◆ **INPUT MATERIAL**:
◇ ◇ ◇ ◇ ◇
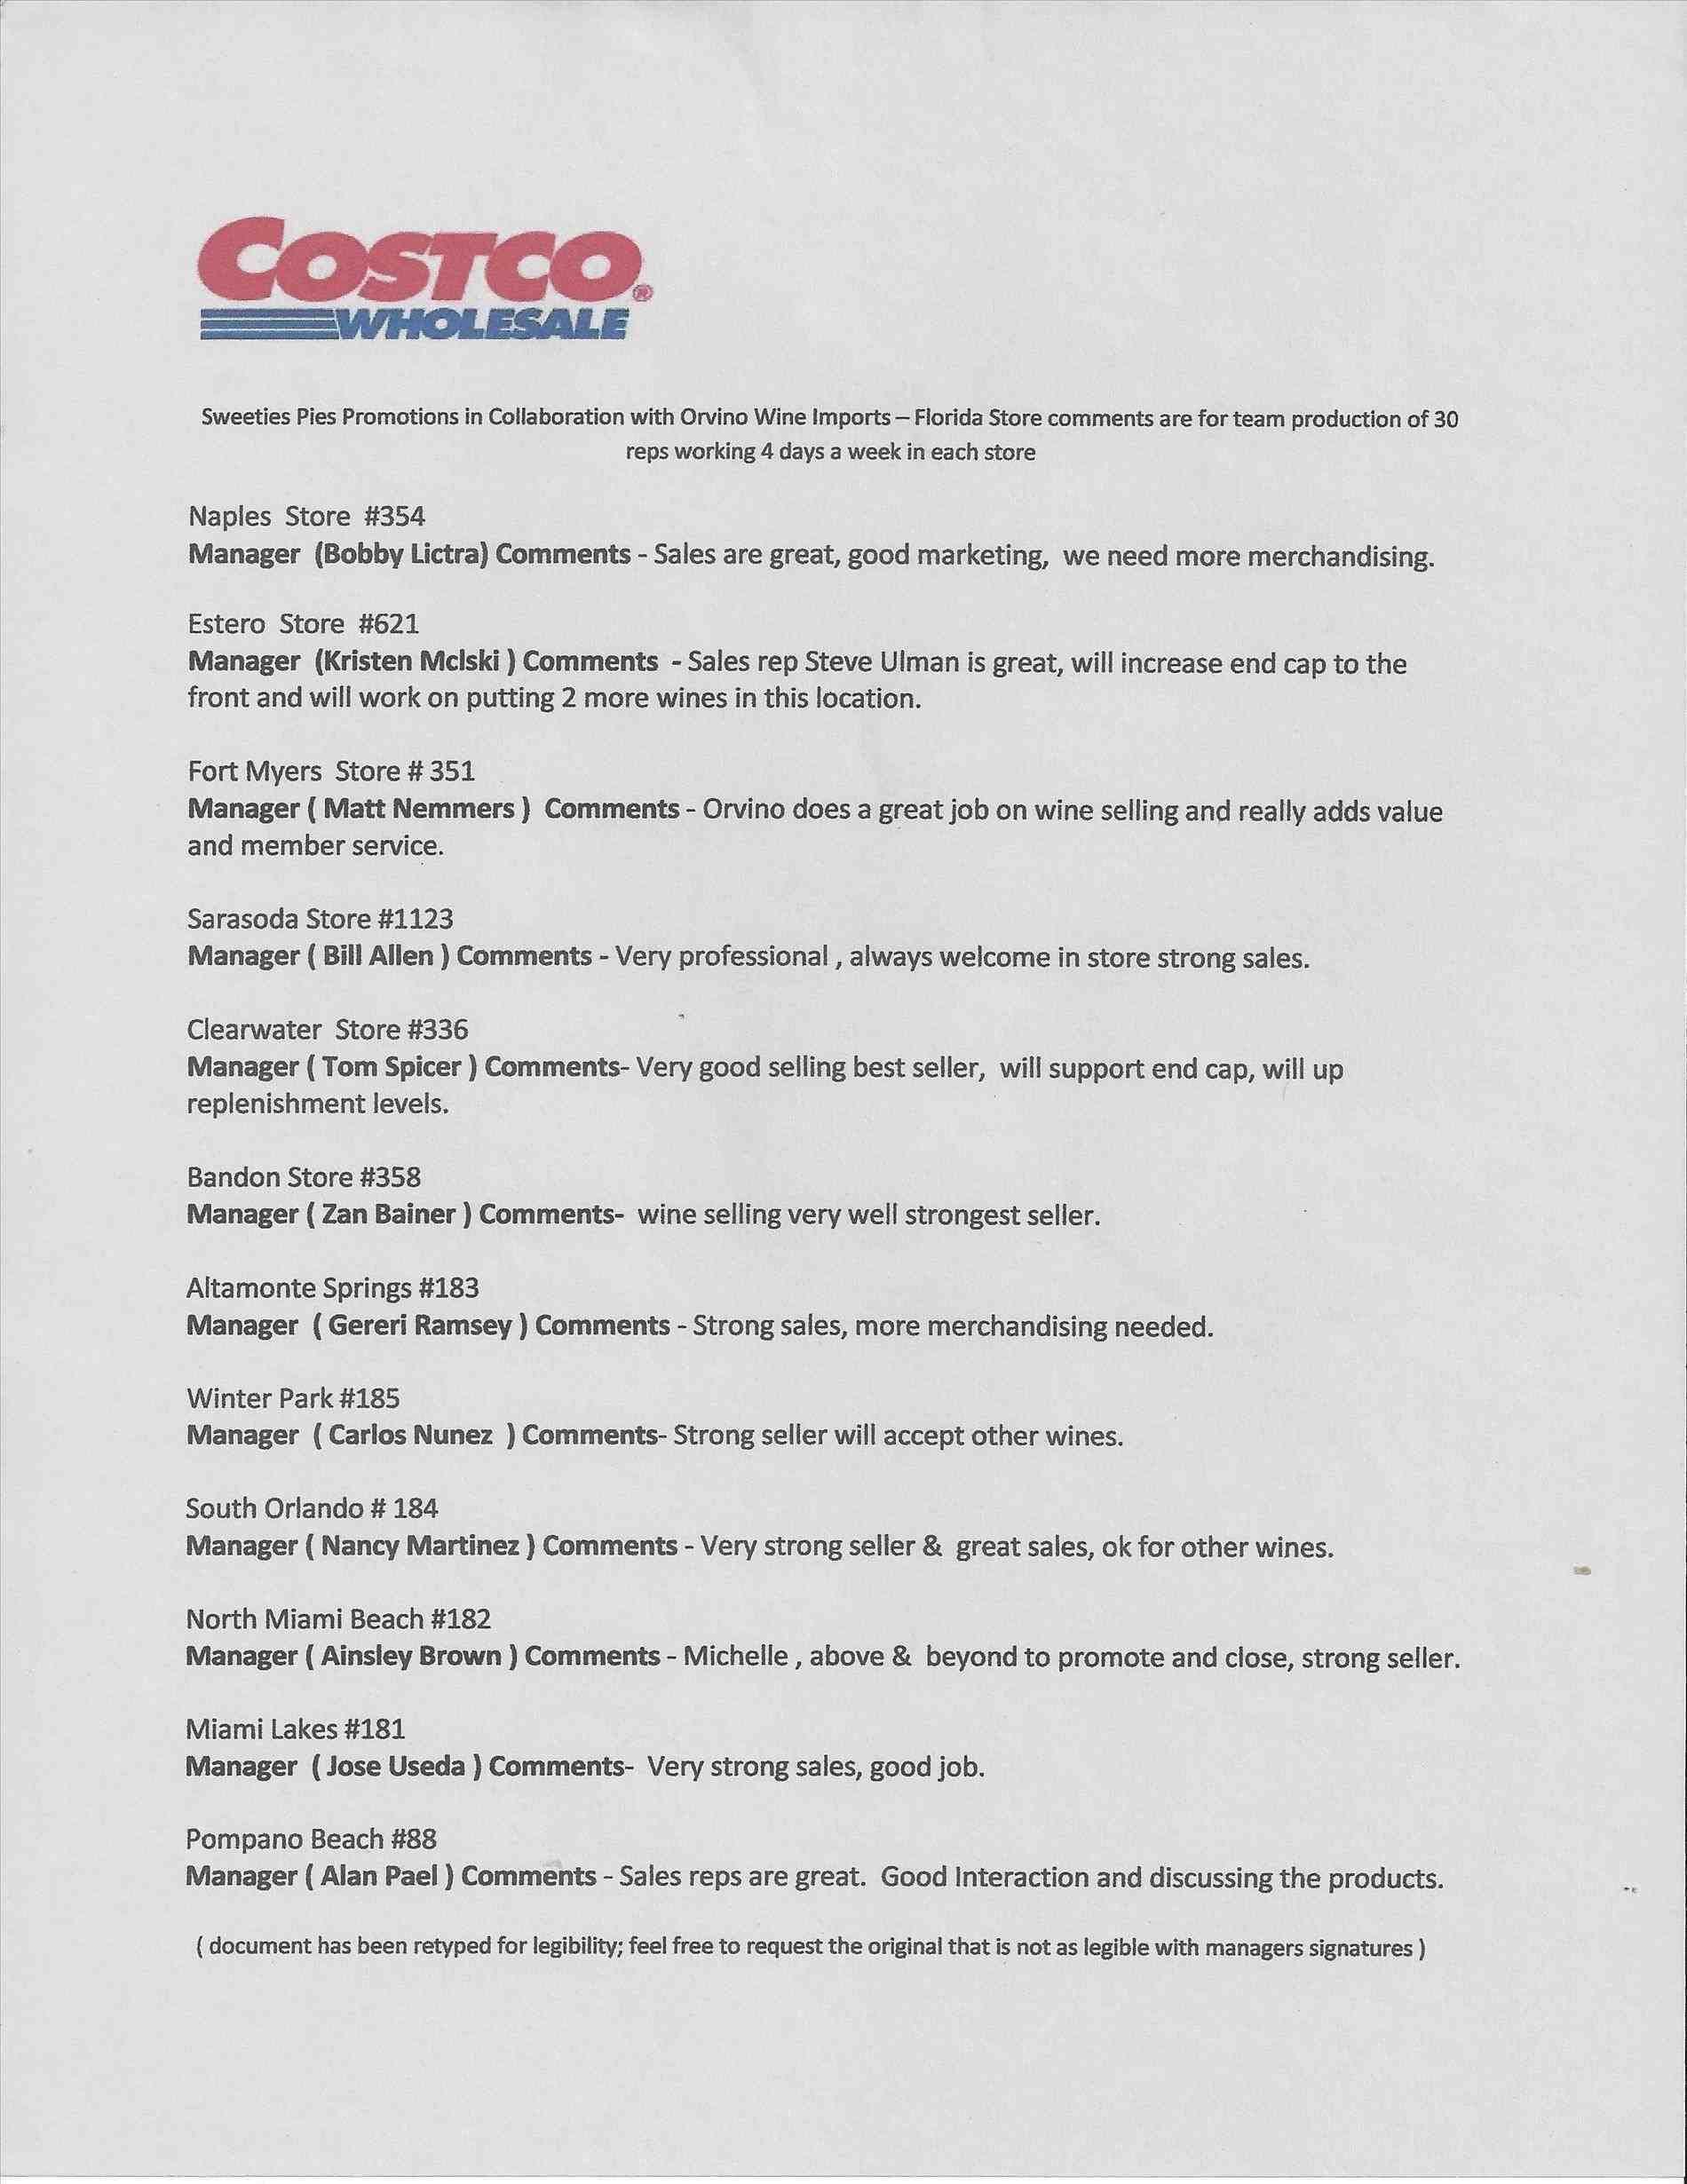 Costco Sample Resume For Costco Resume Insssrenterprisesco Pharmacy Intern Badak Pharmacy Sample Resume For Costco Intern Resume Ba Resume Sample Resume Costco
◇ ◇ ◇ ◇ ◇
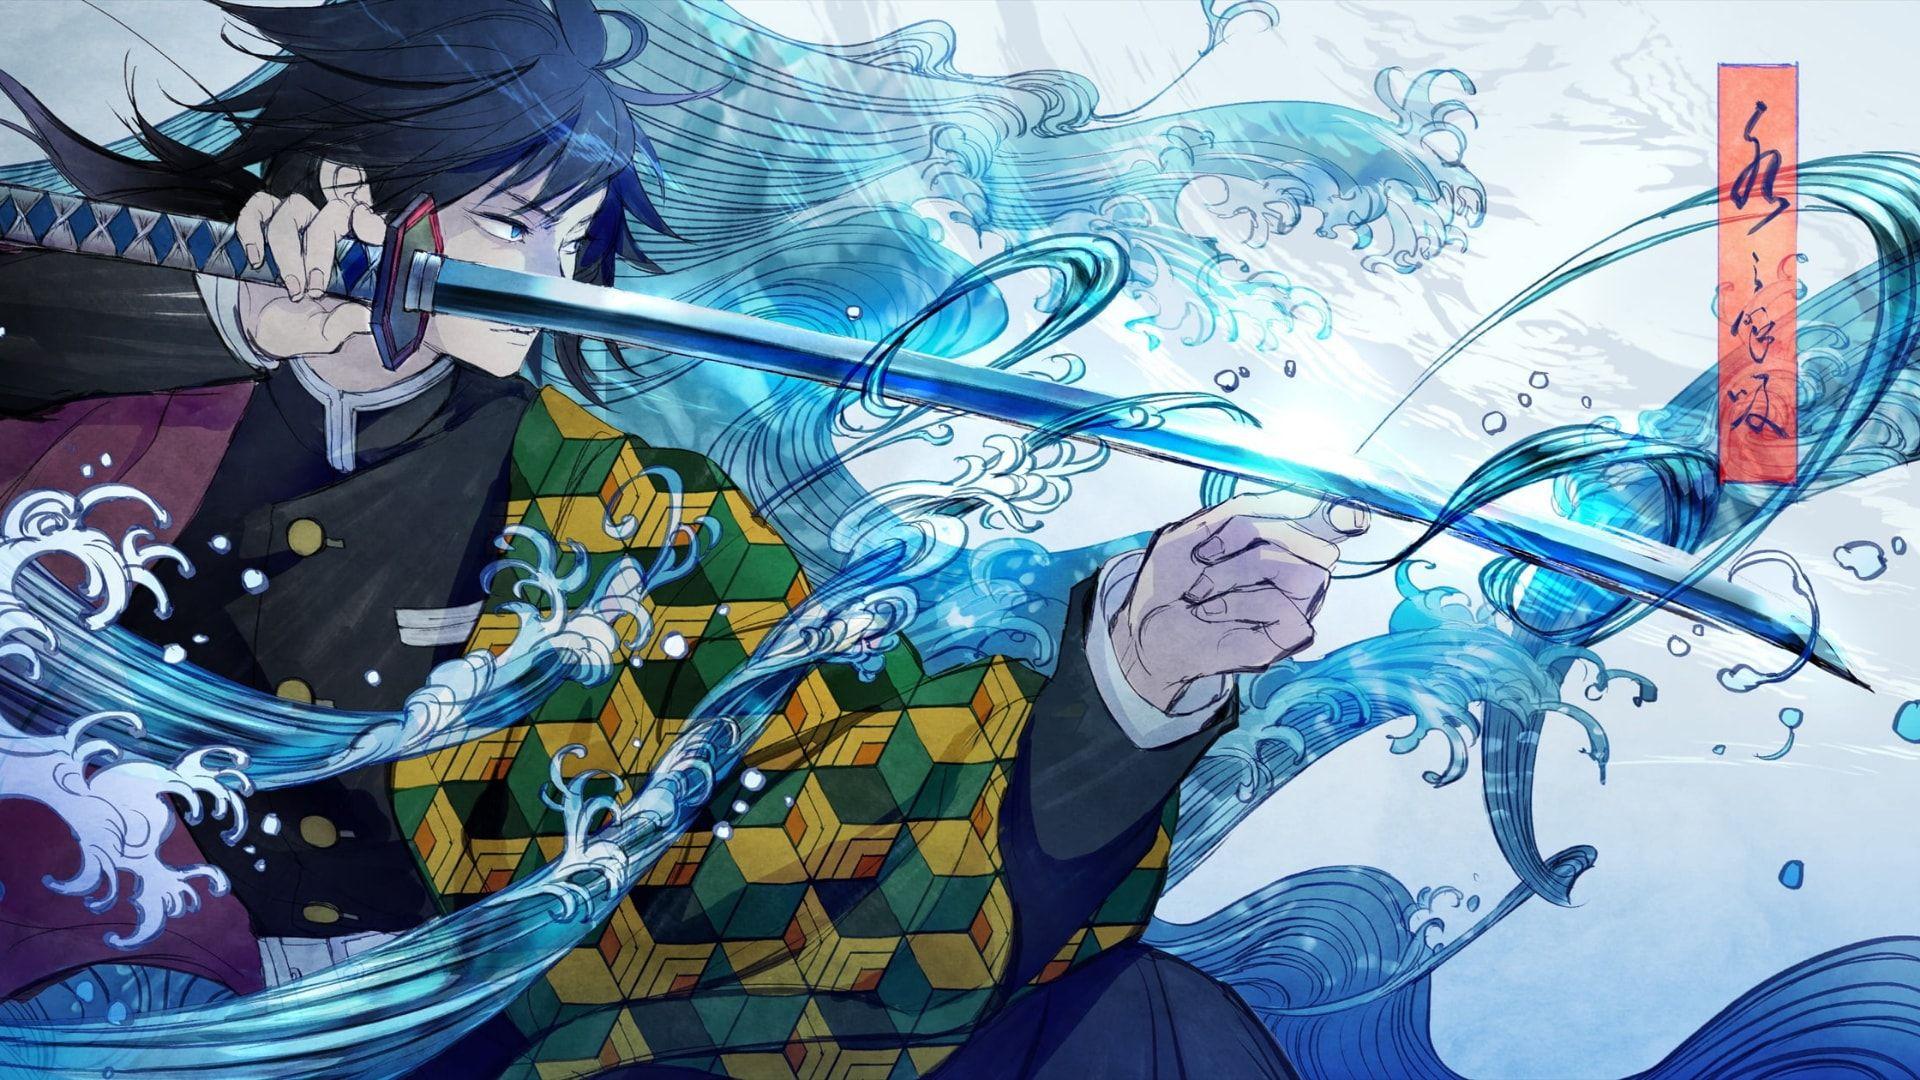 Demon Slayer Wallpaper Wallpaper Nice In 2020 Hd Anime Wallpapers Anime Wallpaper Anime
◇ ◇ ◇ ◇ ◇
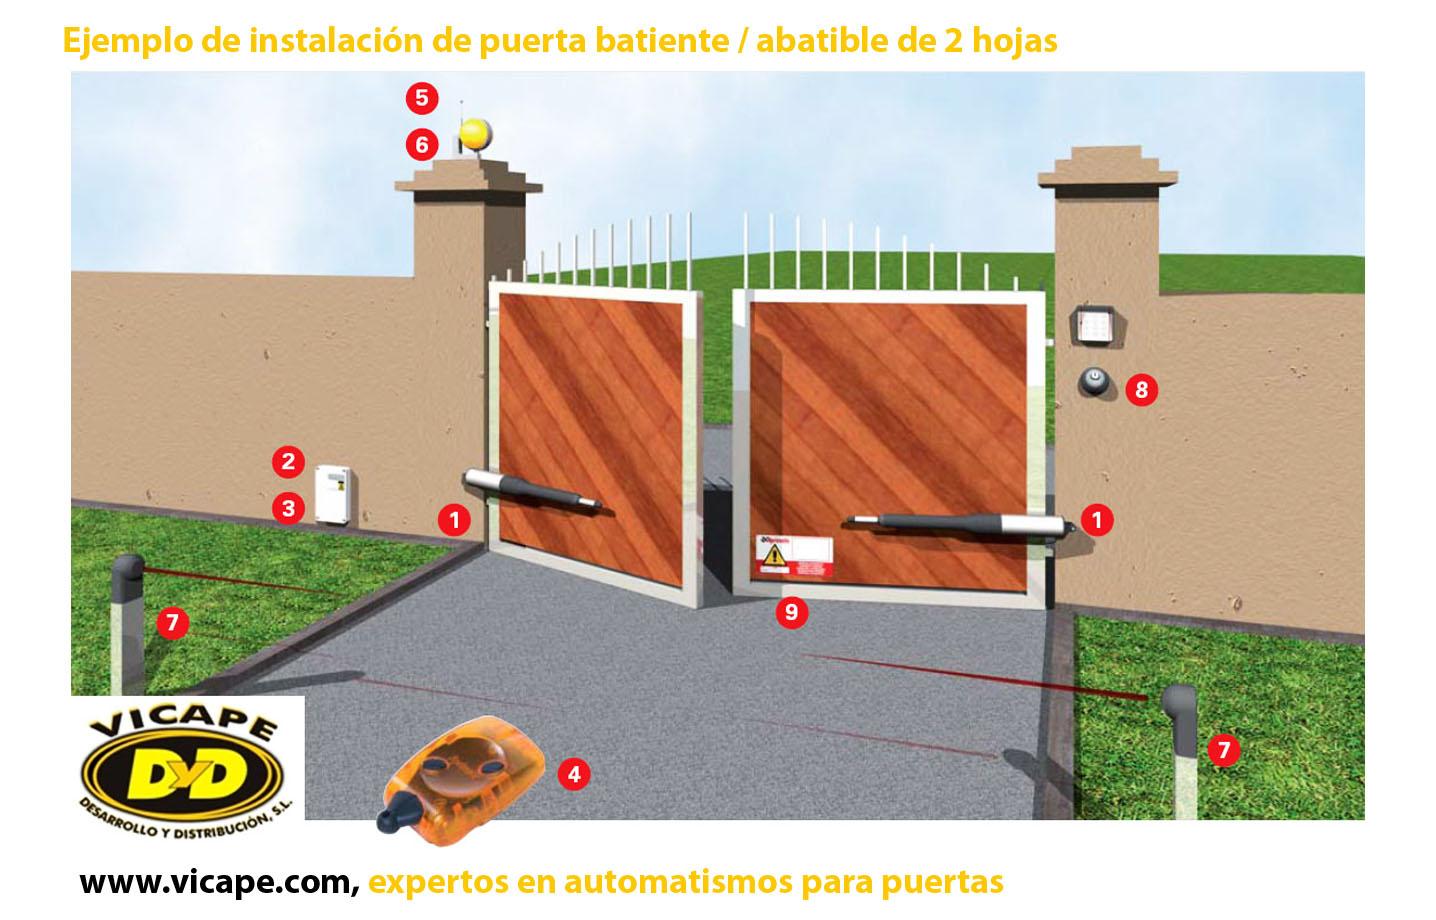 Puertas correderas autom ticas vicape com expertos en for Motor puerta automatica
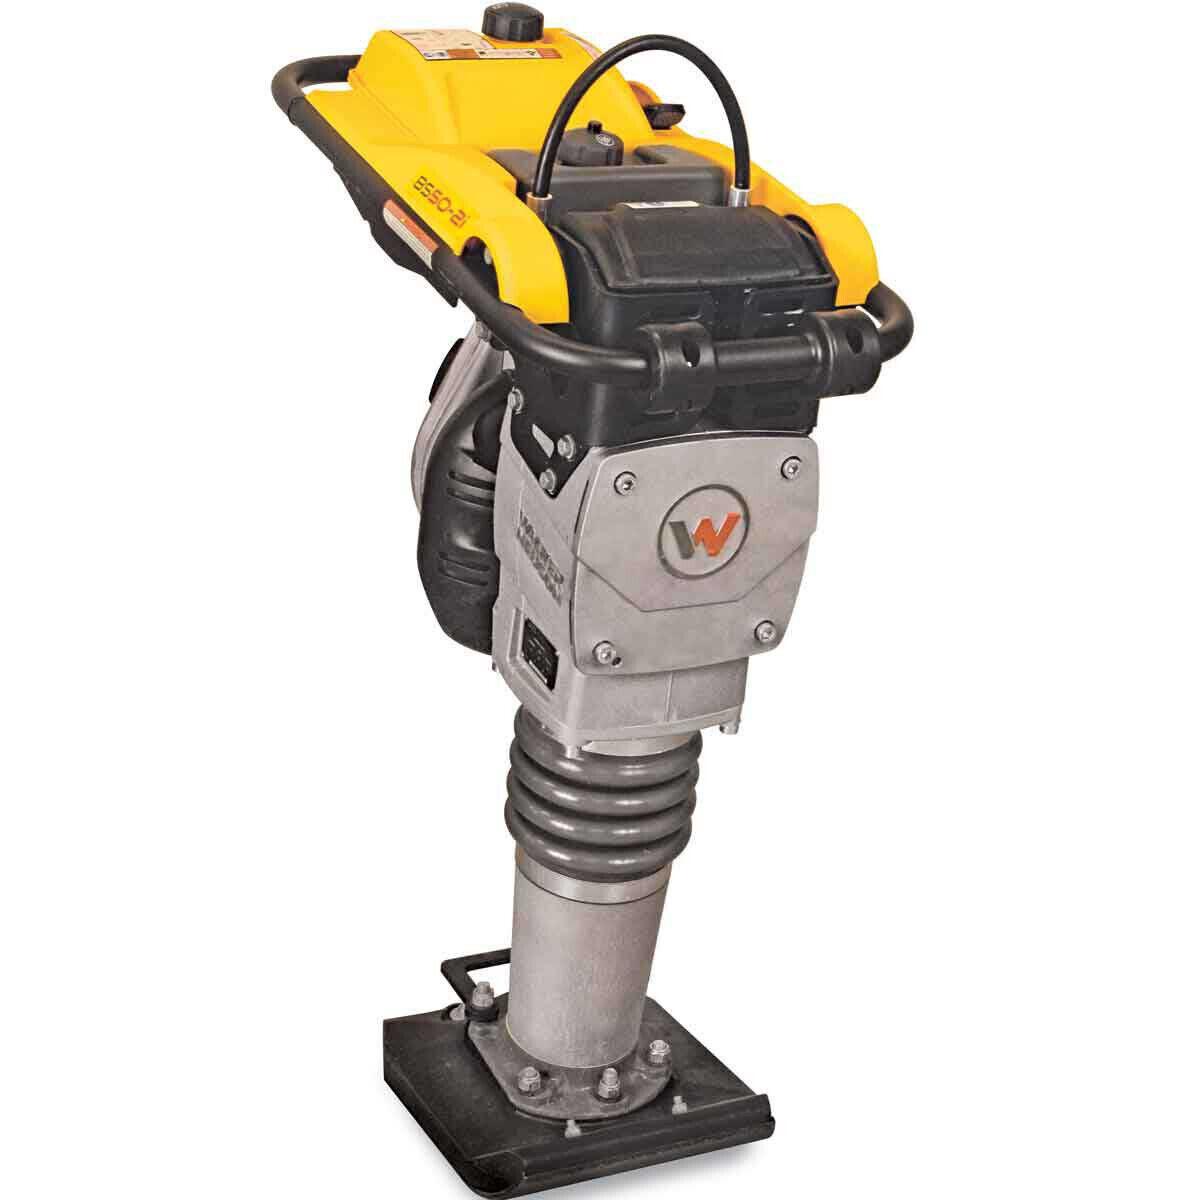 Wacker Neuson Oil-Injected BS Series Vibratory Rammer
◇ ◇ ◇ ◇ ◇
◆ **HOW TO COMPLETE THIS TASK**:
Quote word for word only the lines above from the one containing "Puertas correderas autom" through the one containing "Wacker Neuson Oil-Injected". Pictures stay out of your copy.

◆ **FINISHED TASK**:
 Puertas correderas autom ticas vicape com expertos en for Motor puerta automatica
 Wacker Neuson Oil-Injected BS Series Vibratory Rammer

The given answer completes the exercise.